Trans-fat: bad, leads to illness.

Trans-gender: confusing, long thought to be an illness.

Not any more.

Here’s the story, posted by a retired eye surgeon, herself transgender, and an acquaintance of mine, Dr. Dana Beyer.

I say “acquaintance” rather than friend to draw a distinction between the increasingly loose use of the word, where anyone you’ve met even briefly is “a friend” — where people routinely have hundreds or thousands of Facebook friends (although in a world that needs all the friendliness it can get, this may not be such a bad thing) — and the stricter meaning, wherein friendship connotes a real bond.  By that definition, I have four transgender friends.  But that’s four more than most people and four more than I had ten years ago.  And that matters, because as with anything “different,” we’re wired to reject it until we get to know it, or at least until it comes highly recommended.

When I was a kid, no one knew gay people — or knew that they did, which amounts to the same thing.  Now everyone does, and, guess what?  Most of today’s kids can barely imagine a world where being gay was a codified mental illness, often treated with electroshock therapy.  They know Ellen DeGeneres.  They know Anderson Cooper.  They know their gay aunts and uncles and perhaps their gay fraternity brother, congressperson or (as of next month) senator.  I’m sorry, but it’s pretty hard not to like Ellen or Anderson.  And while some on the right may think the mayors of Paris and Berlin and Houston and Portland (and New York’s City Council President) hold some “crazy” political views, few would argue they are mentally ill.
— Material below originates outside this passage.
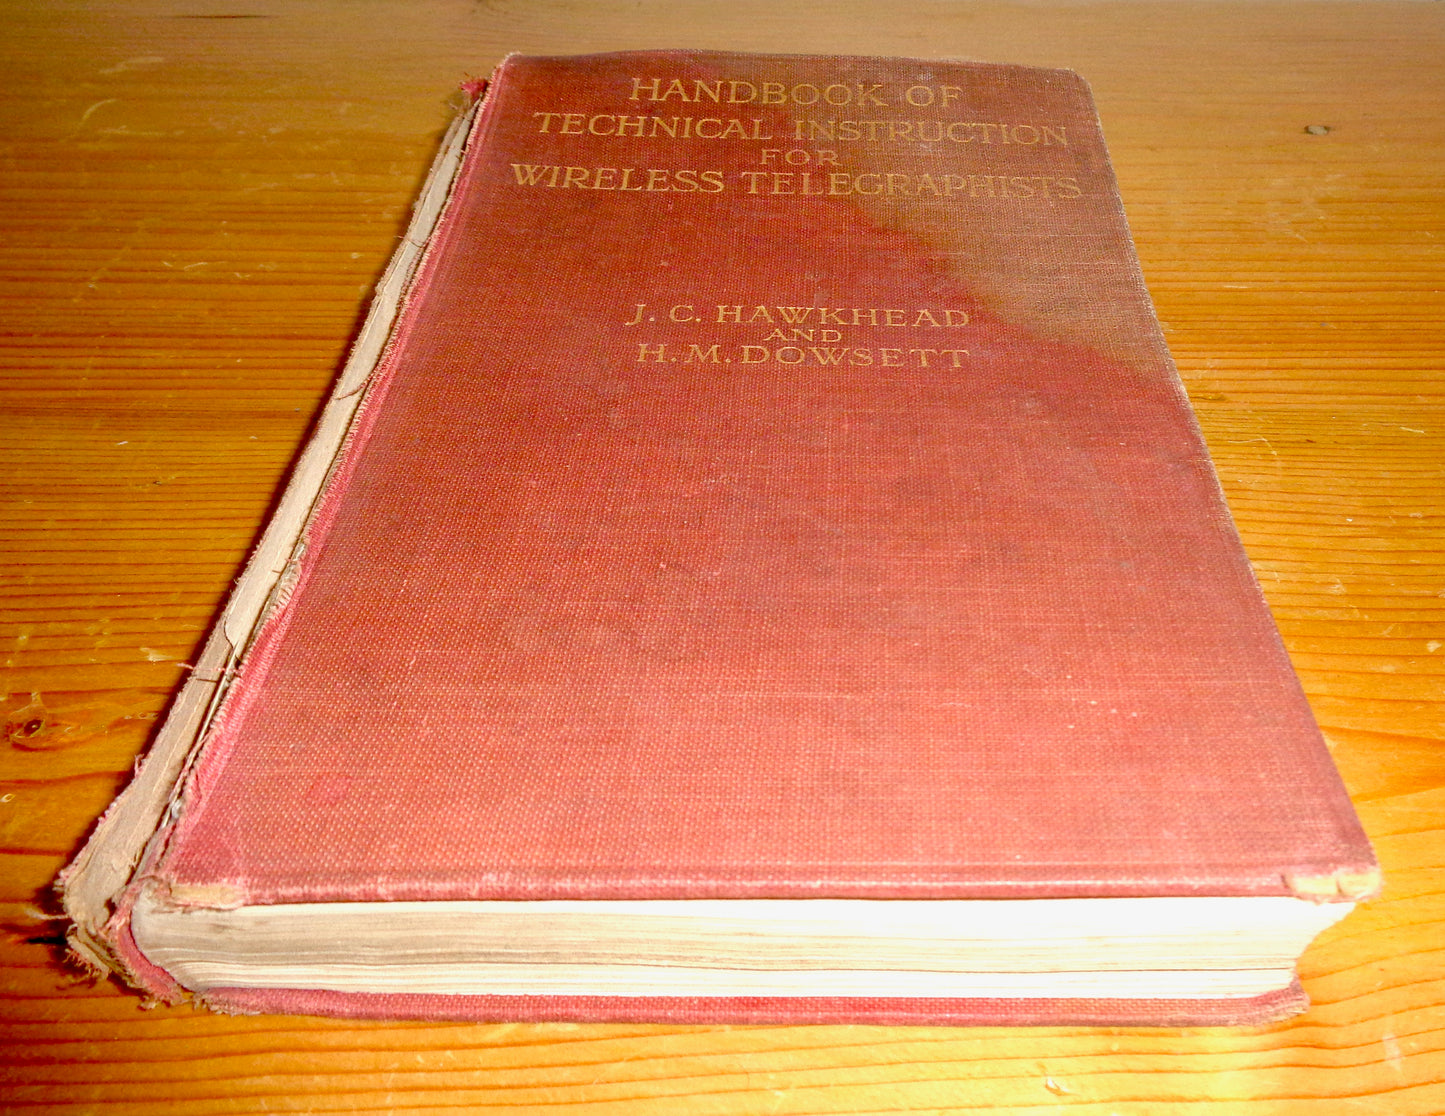 1915 Handbook of Technical Instruction for Wireless Telegraphists by JC Hawkhead / HM Dowsett

Well, as of this month, Dana reports, trans persons are no longer classified as mentally ill, either — just as happened 39 years ago when the American Psychiatric Association made the same determination about gays and lesbians.

Most of us have a lot on our plate.  Actively seeking to make transgender friends or to read up on the topic will not make most to-do lists.  But once you do get to know people like my friends Diego, a widely respected congressional aide who was born a woman, and Babs, born a man, with whom I sit on the DNC Executive Committee, and Renee, who captained Yale’s all-male tennis team, and Martine, who recruited Ray Kurzweil — yes! “my” Ray Kurzweil! — to the board of the public company she founded and runs . . . once you get to know people like these, discomfort turns into fondness and respect.